Sunday, November 28, 2010

CHINA MOVING SLOWLY TO AVERT CRISIS

WHY CHINA CALLS THE SHOTS

"Aside from being key ingredients for manufacturing a plethora of products, REEs like scandium and promethium, for instance, play key roles in the production of components vital to the U.S. Navy submarine fleet. And more than a dozen other REEs play key roles in other vital segments of the nation’s economy.

Now, more than ever, we need to “REE-assess” (pun intended) our nation’s dependence upon foreign sources of raw materials — from REEs to energy. Failure to do so could doom future generations to speaking Chinese."
Bob McCarty

Face it; we've done this to ourselves. We have become completely subservient to China because we've allowed it to take our manufacturing and own our debt. Then we turn around and develop technology that is reliant on raw materials that we have allowed that same country to become the sole supplier of.

So, do you think China holds all the cards here?

All of them except one. We have the option to default and retract.

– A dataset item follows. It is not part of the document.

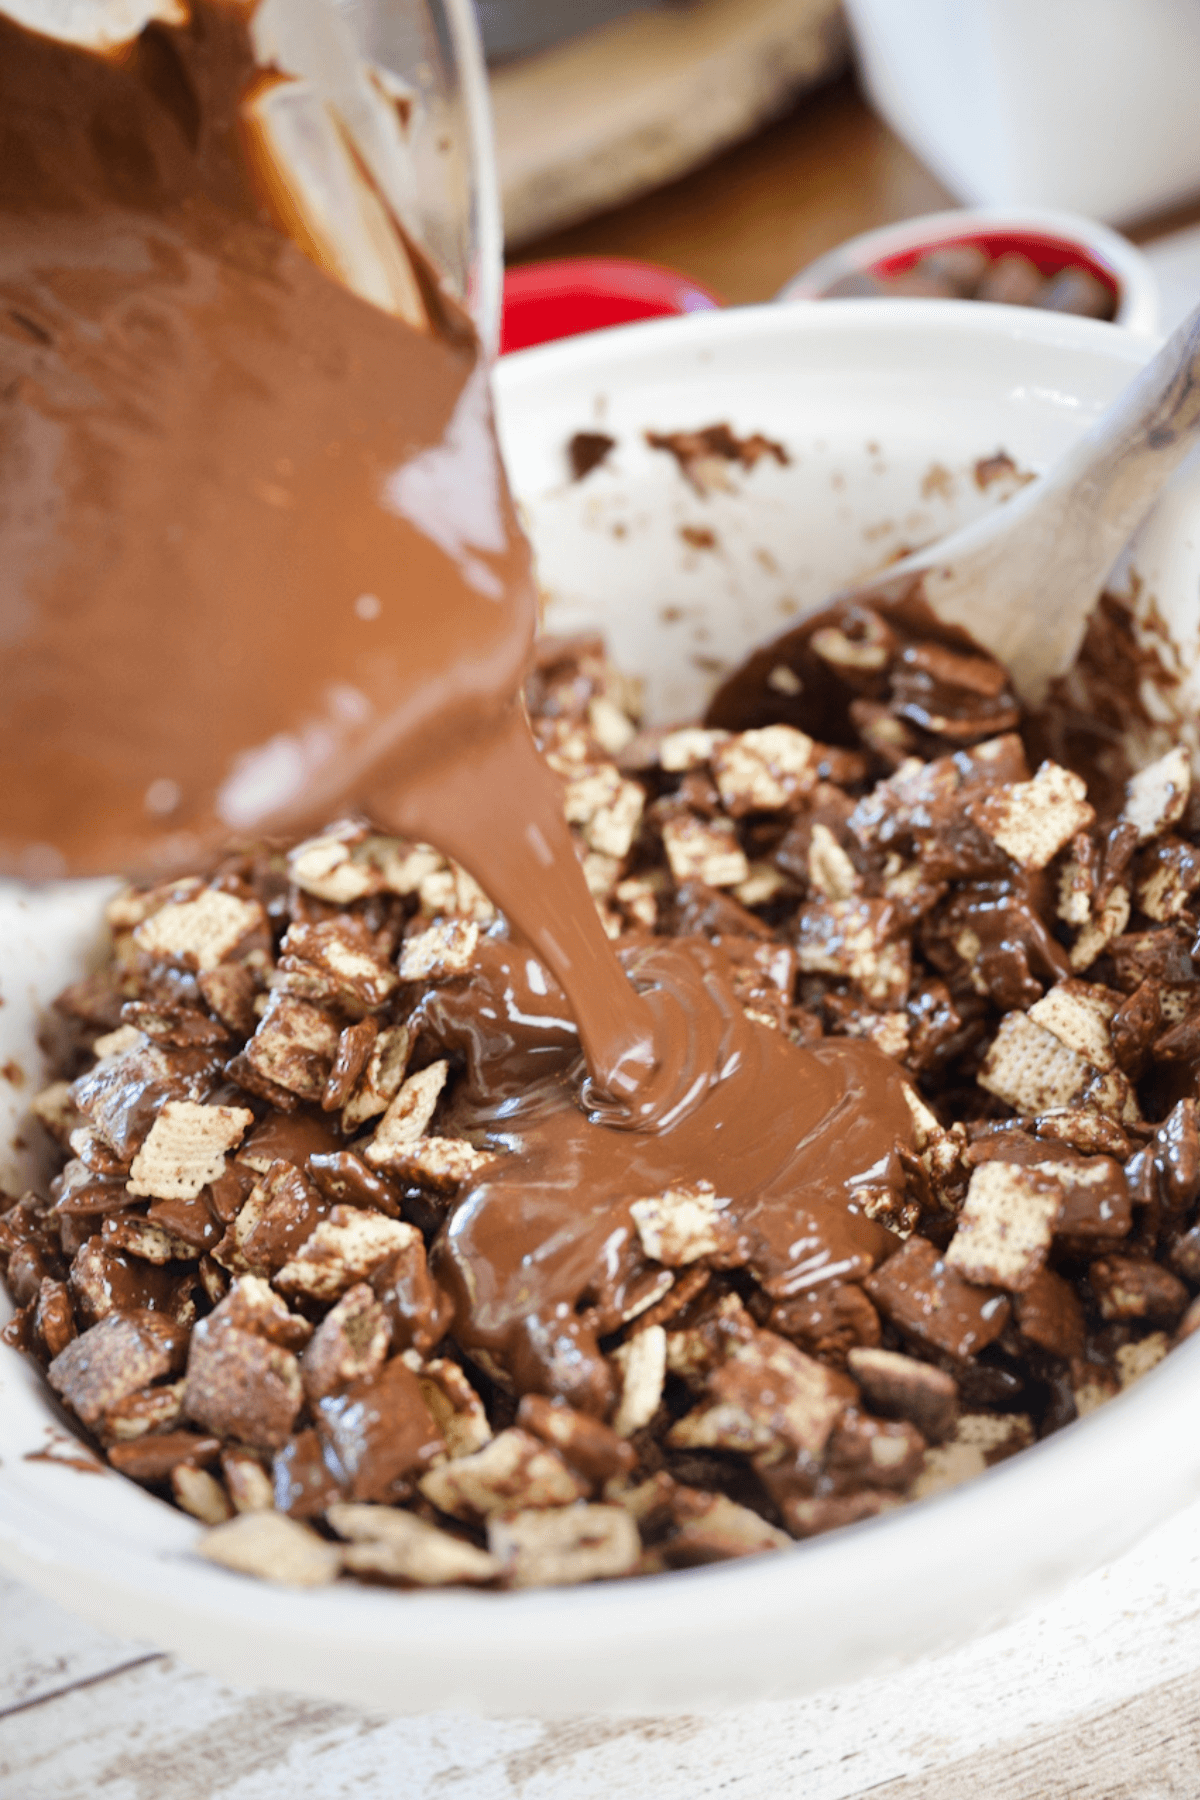 Pour balance of chocolate onto cereal and mix well.

By doing so we take the power from them and turn the rules of the game inside out.

China only has power over us if we accept the rules as they have been established. If we keep playing the old game by the old rules we will lose. So now we have to get out of the game and start another.

And it's going to hurt...a lot. Our standard of living will collapse and life is going to return to the way it was a long time ago. We will once again become an economy based on local suppliers and relationships. American empire will cease. And the rest of the world will have to go it on its own.

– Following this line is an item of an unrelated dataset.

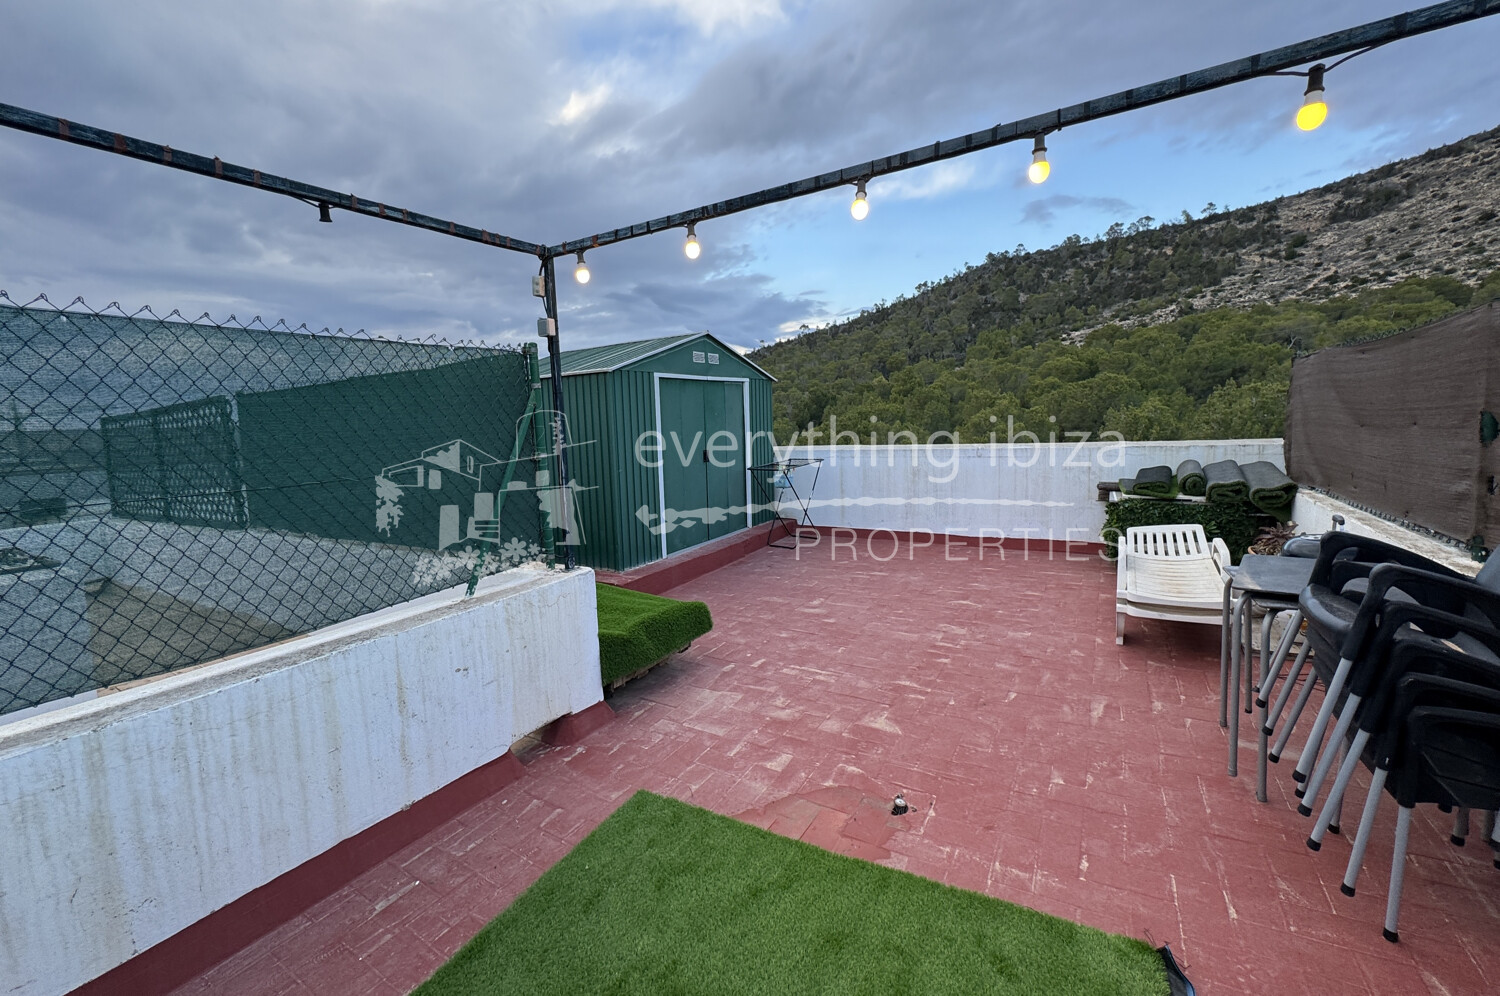 Three Bedroom Penthouse Apartment with Large Sea & Sunset View Roof Terrace, ref. 1678, for sale in Ibiza by everything ibiza Properties

But, if we don't do something this drastic we will become slaves to China. Sure, we may get to keep our I-phones and I-pods but we'll be slaves to another and forced to live under rules that we can't imagine in a totalitarian state that would as soon see us dead as see us fed. If you don't think that's possible just look at China today and in the past. That's where we're headed.

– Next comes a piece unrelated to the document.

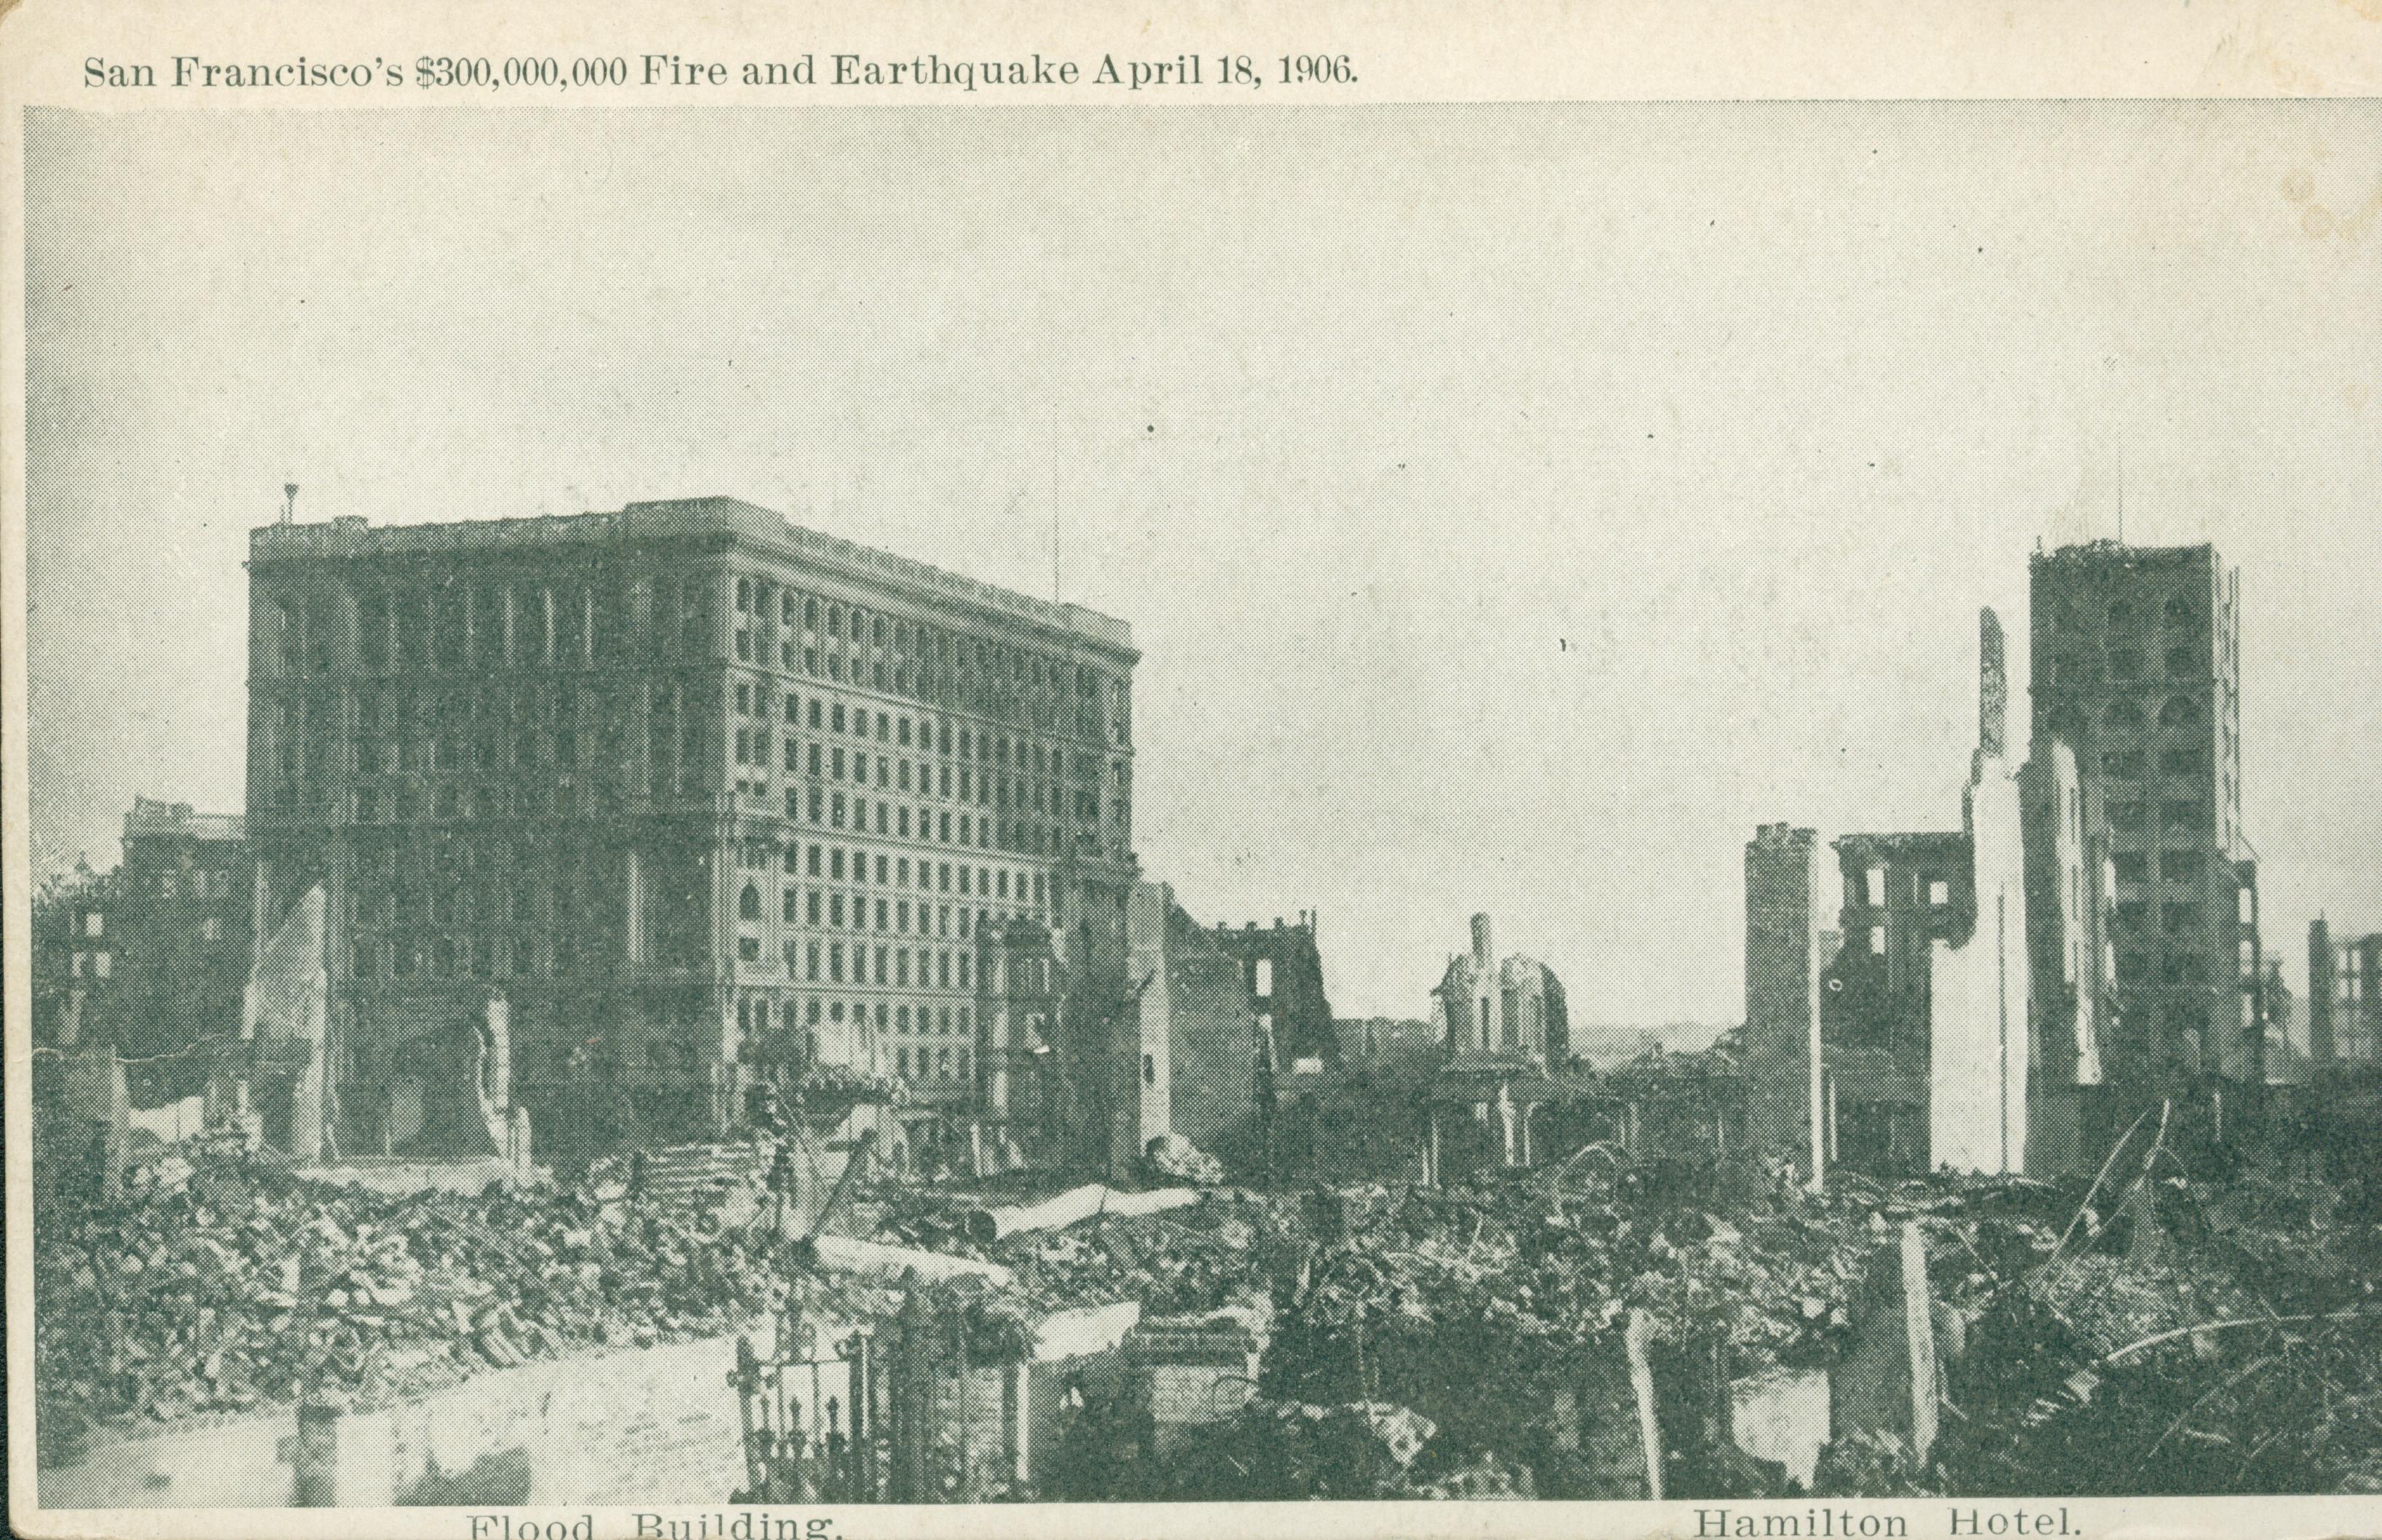 Shows the ruins of several buildings after the earthquake

So as we go toe to toe with the Chinese in the Yellow Sea keep in mind we're fighting a losing battle in a losing war because we won't accept suffering to keep our liberty.

These are the last days of the American experiment, if we choose them to be.

Saturday, November 27, 2010

TURNING UP THE PRESSURE IN THE YELLOW SEA

One wrong move or one bad decision and the world will change instantly. This is a dangerous game we're playing, and to what end?

"North Korea has deployed SA-2 surface-to-air missiles to its west coast near the Yellow Sea border with South Korea as U.S.-led naval drills got underway in a show of force against the North's deadly artillery attack on a South Korean island earlier last week, government sources said Sunday.

"(The missiles) appear to be targeting our fighter jets that fly near the Northern Limit Line (NLL)," the source said on customary condition of anonymity, referring to the Yellow Sea border.

..."The military is preparing for the possibility of further provocations as the North Korean military has deployed firepower near the NLL and is preparing to fire," the source said."
Yonhap News

MORE REFLECTIONS ON THE KOREA/CHINA PROBLEMS

Another blogger I follow has a few thoughts, which I've reposted below, on the current flare up of hostilities in Korea. His blog is called Redneck Reflections and the quoted article can be found here.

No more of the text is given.